Imagine hundreds of photographs which for the most part have never been shown (William Klein says that, at the speed of 1/50th of a second per shot, the complete work of the most famous photographer lasts less than three minutes). Imagine “cuts” that a film leaves behind like comets' tails. From every country visited I've brought back postcards, newspaper clippings, catalogues, sometimes posters torn off the walls. My idea was to immerse myself in this maelstrom of images to establish its Geography.
My working hunch was that any memory, once it's fairly long, is more structured than it seems. That after a certain quantity, photos apparently taken by chance, postcards chosen according to a passing mood, begin to trace an itinerary, to map the imaginary country that stretches out before us. By going through it systematically I was sure to discover that the apparent disorder of my imagery concealed a chart, as in the tales of pirates. And the object of this disc would be to present the “guided tour” of a memory, while at the same time offering the visitor a chance for haphazard navigation. So, Welcome to “Memory, Land of Contrasts” – or rather, as I've chosen to call it, Immemory. ✫
“But when from a long-distant past nothing subsists, after the people are dead, after the things are broken and scattered, still, alone, more fragile, but with more vitality, more insubstantial, more persistent, more faithful, the smell and taste of things remain poised a long time, like souls, ready to remind us, waiting and hoping for their moment, amid the ruins of all the rest; and bear unfaltering, in the tiny and almost impalpable drop of their essence, the endless edifice of recollection.”

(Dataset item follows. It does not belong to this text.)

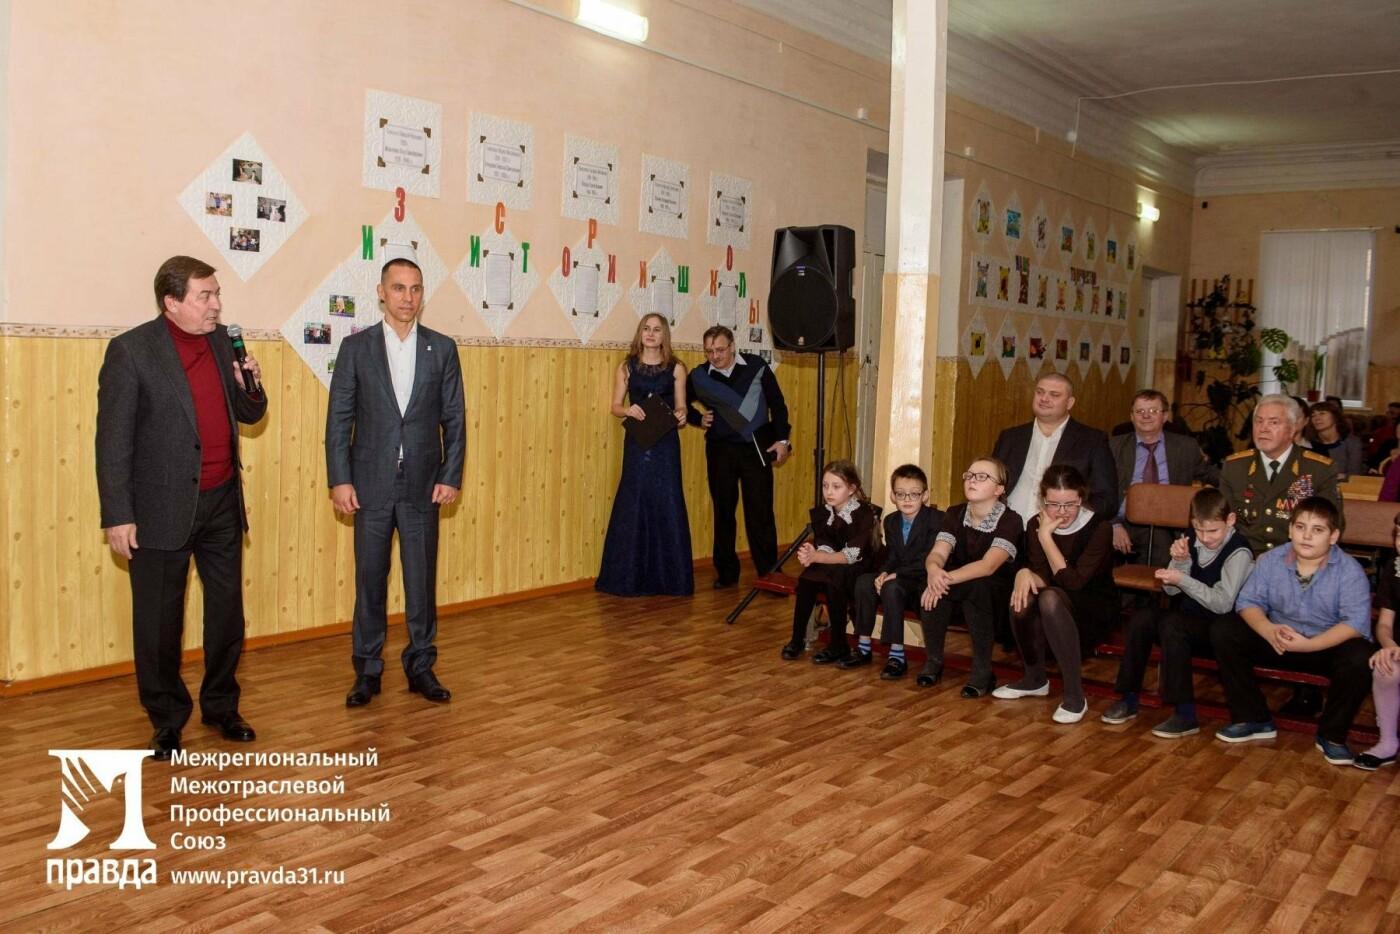 В Валуйках открыли зал греко-римской борьбы, фото-14

To each his madeleine. For Proust it was Aunt Léonie's, the one that the Védie pastry shop in Illiers still claims to make from the original recipe. (But what then of the other pastry shop, on the other side of the street, which also claims to be the true guardian of “Aunt Léonie's madeleines”? Memory's path already branches.) For me, it's a Hitchcock character. The heroine of Vertigo. And I realize that it may be forcing the note to see a scriptwriter's intention in this choice of name, at the outset of a story which is essentially that of a man in search of things past, but so what? Coincidences are the pen names of grace for those who wouldn't recognize it otherwise.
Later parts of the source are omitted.